Abstract:
For use with an acoustic transmitter in an acoustic well logging tool, an improved transducer modification circuit is set forth in the preferred and illustrated embodiment. The circuit of this disclosure modifies the diameter resonant frequency of a piezoelectric transducer, thereby expanding the frequency range downward for the transmitter transducer by moving the diameter resonant frequency.

Description:
BACKGROUND OF THE DISCLOSURE 
     An acoustic well logging tool transmits acoustic pulses into the adjacent formations to obtain logs of various formation properties such as travel time and attenuation. Such a logging tool typically must have a frequency passband which is free of mechanical resonant frequency points which could distort the data obtained in the acoustic log. Most devices of this nature utilize cylindrical shell or sleeve-shaped piezoelectric transducers. 
     Typically, a piezoelectric transmitter transducer is constructed in the form of a hollow right cylinder. Such a cylinder can resonate in several mechanical modes. One resonant frequency is determined by the wall thickness of the cylindrical transducer; that frequency is ordinarily sufficiently high that it poses no resonance problem to the passband. Another resonant frequency is determined by the length of the right cylinder; the length can be adjusted to place the resonant point outside the passband so that minimal interference is created by that resonant point. The resonant frequency determined by the diameter of the transducer can be very near the typical passband desired for an acoustic well logging tool. Changes of diameter cannot be easily obtained; the diameter is constrained by the diameter of the body or housing of the acoustic well logging tool which is in turn limited by the diameter of the borehole in which acoustic data is typically obtained. It is not possible to increase the diameter in most instances. 

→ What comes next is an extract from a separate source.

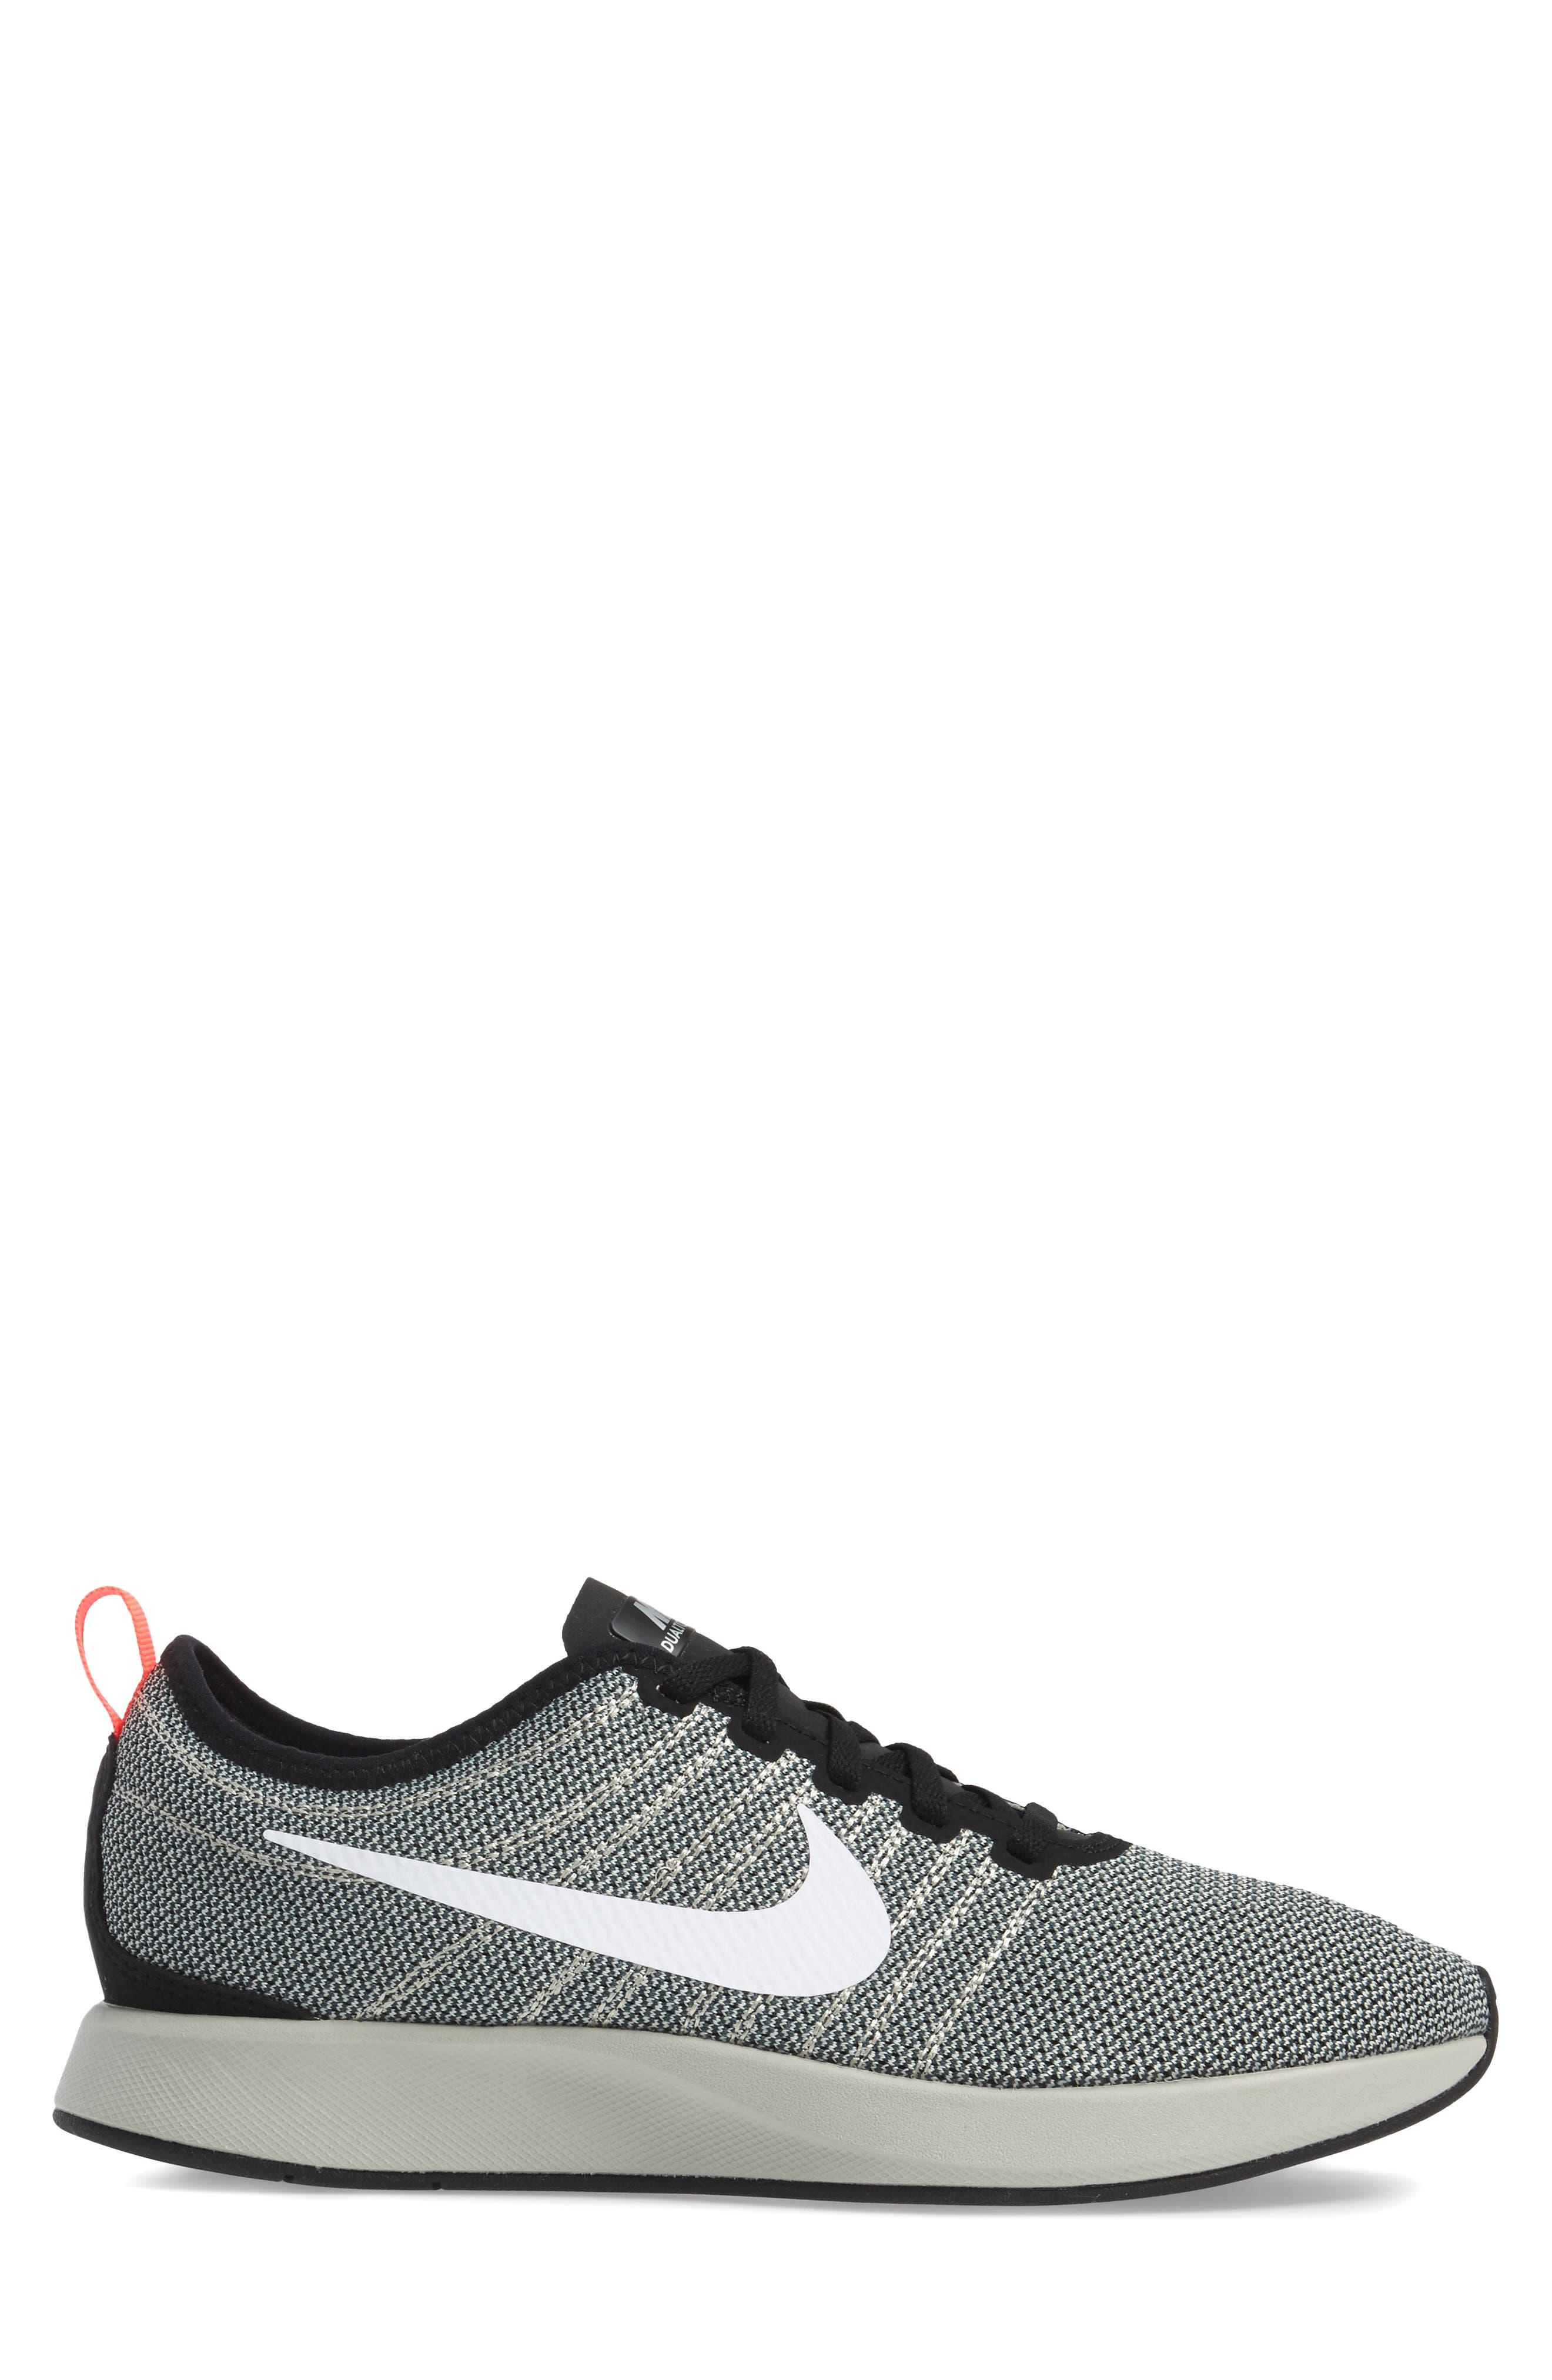 Alternate Image 3  - Nike Dualtone Racer Running Shoe (Men)

     It is desirable to extend the passband to lower frequency ranges. In open hole well logging, the attenuation is less for low frequency signals. Low frequency transmitted signals comprise an important portion of the data obtained in an acoustic well log. 
     A piezoelectric crystal has an advantage over a magnetostrictive transducer of equal size. The advantage stretches the acceptable passband for the piezoelectric crystal to lower frequencies. The circuit of this disclosure further lowers the resonant point. It moves the resonant point of the piezoelectric crystal diametric dimension lower, thereby obtaining a reduced diametric resonant frequency point, and inevitably expanding the acceptable frequency range of the transducer. 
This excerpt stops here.